読み終わった後に残るのは、彼女自身の考え方や感じ方、生き方のほうで、食べ物話のほうは断片的にしか思い出せないのが不思議な感じだった。
竹本 紗梨
評価:A
知らなかった。この人がこんなに温かく、力強い、そして心にするりと届くエッセイを書く人だったなんて。こんなに有名な脚本家の書くドラマを見たことがなかったので、先入観なしでただただ文章を味わうことが出来た。都市で働くOL時代の思い出も、今の脚本家としてのエッセイも、一緒に働く仲間や、上司の描き方が優しい。年を経て、その当時の自分もたくさんの関わってきた人たちをも優しい視線で見られるようになったんだろうか。それとも脚本家だから、こんなに人の心を思いやれる視線を身につけることが出来たんだろうか。ずっと読み進めながら向田邦子の文章のうまさを思い出して味わっていた。あとがきで、あぁと声を上げた。「私は向田邦子になります」。そのセリフを言うまでの、心の揺れが感じられるエピソードが心に残った。「楽なことが幸せとは思ってないくせに」私の心にもこのセリフが強く残った。
平野 敬三
評価:A
もし僕が本書にPOPを付けるとしたら、「最初の3ページをじっと立ち読みして下さい。」といったような文句を間違いなく使うだろう。それくらい導入部が見事である。これは何も最初のエッセイに限らず、どの箇所を読んでも、とにかく一発で惹きつけられる。ダラダラ書いてダラダラ読ませる名人芸のようなエッセイもたまにあるが、やはり文章は書き出しが最も重要なのだという、極めてオーソドックスな作法を本書は鮮やかに見せつけてくれる。もちろん、書き出しだけが面白い、というわけはなく、最後のオチまでいちいち見事だ。後半のエッセイにややしんみり系が多くなり、少し前半のお転婆ぶりが懐かしくなる他は、文句の付けようのないほどの名エッセイが並ぶ。語り口は穏やかでも、色々なものがほとばしっている。笑って泣いて、そうして僕は内舘さんのファンになった。ついでに(失礼)、藤原正彦氏の解説も白眉。
藤川 佳子
評価:AA
この本は、“真顔”のエッセイである。真顔の人は何を言い出すか分からない。うっかりしているとミゾオチあたりに右ストレートをお見舞いされ、ブッと吹きだしたり、思わずホロリときたりしてしまうので要注意です。「力士は彼岸の美男」なんてマジで言われたら、もう呆然とするしかないでしょう。この本と対峙する時はどんな攻撃でも受けられるように身構え、一人でひっそり読んでください。

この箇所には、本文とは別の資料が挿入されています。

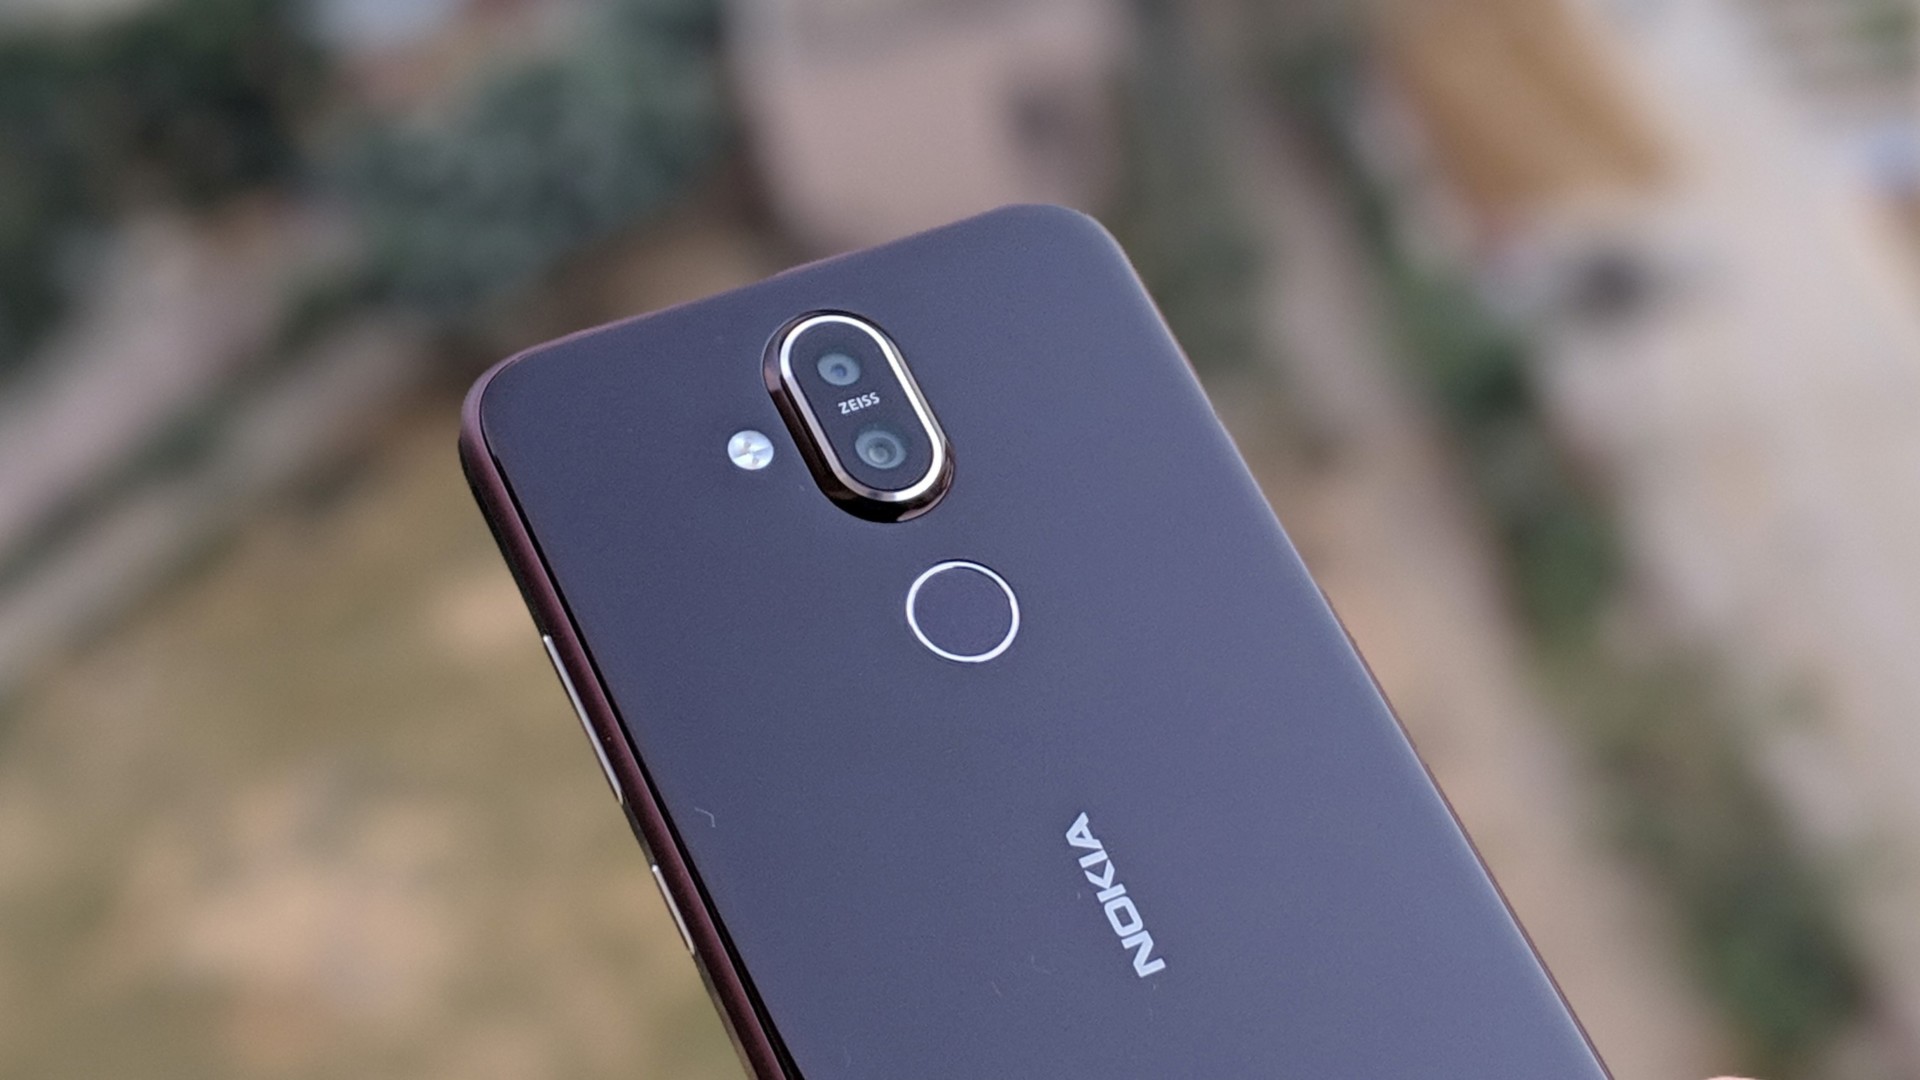 A more affordable Nokia 5G phone is coming in 2020.

著者自身があとがきで「『団塊世代』の匂いが出ていることに愕然とします」と述懐しているように、若い人が読むとちょっとお説教臭さが鼻につくかも知れません。けれどもいつでも真っ向勝負で生きてきた人の「大人も子供もハスに構えることを覚えてから、逆に世の中がおもしろさを失ったように、思う」なんてセリフはやっぱり説得力がある。「マジでいくわよ」という気迫溢れる本書は抜群に面白いのですから…。
和田 啓
評価:B+
内館牧子さんである。新横綱選定の際、ナベツネさんとよく映っている淑女。ドラマ『ひらり』や『私の青空』の人気脚本家。銀座百点に連載されていたエッセイの詳録である。三菱重工業を退職して後、文筆業に入ってこられたことは聞き知っていたが、こんなに面白い方だったとは!「わたしはいつかきっと向田邦子になります」と課員全員の前で啖呵を切った無名OL時代。重戦車FWの明治大学ラグビーをこよなく愛し、五月の風に吹かれながら歩く力士を、この世でいちばん美しいと讃える。一方で筍を題材に男と料理はダイナミックであるほど、実は繊細なのだと論じる。うまい。
高度成長後の日本を通じて彼女の半生も見てとれる。潔い、明快、その実温かい。作中の「バナナ」と「シュウマイ」は見事な日本人論になっている。まだまだ日本も捨てたもんじゃない。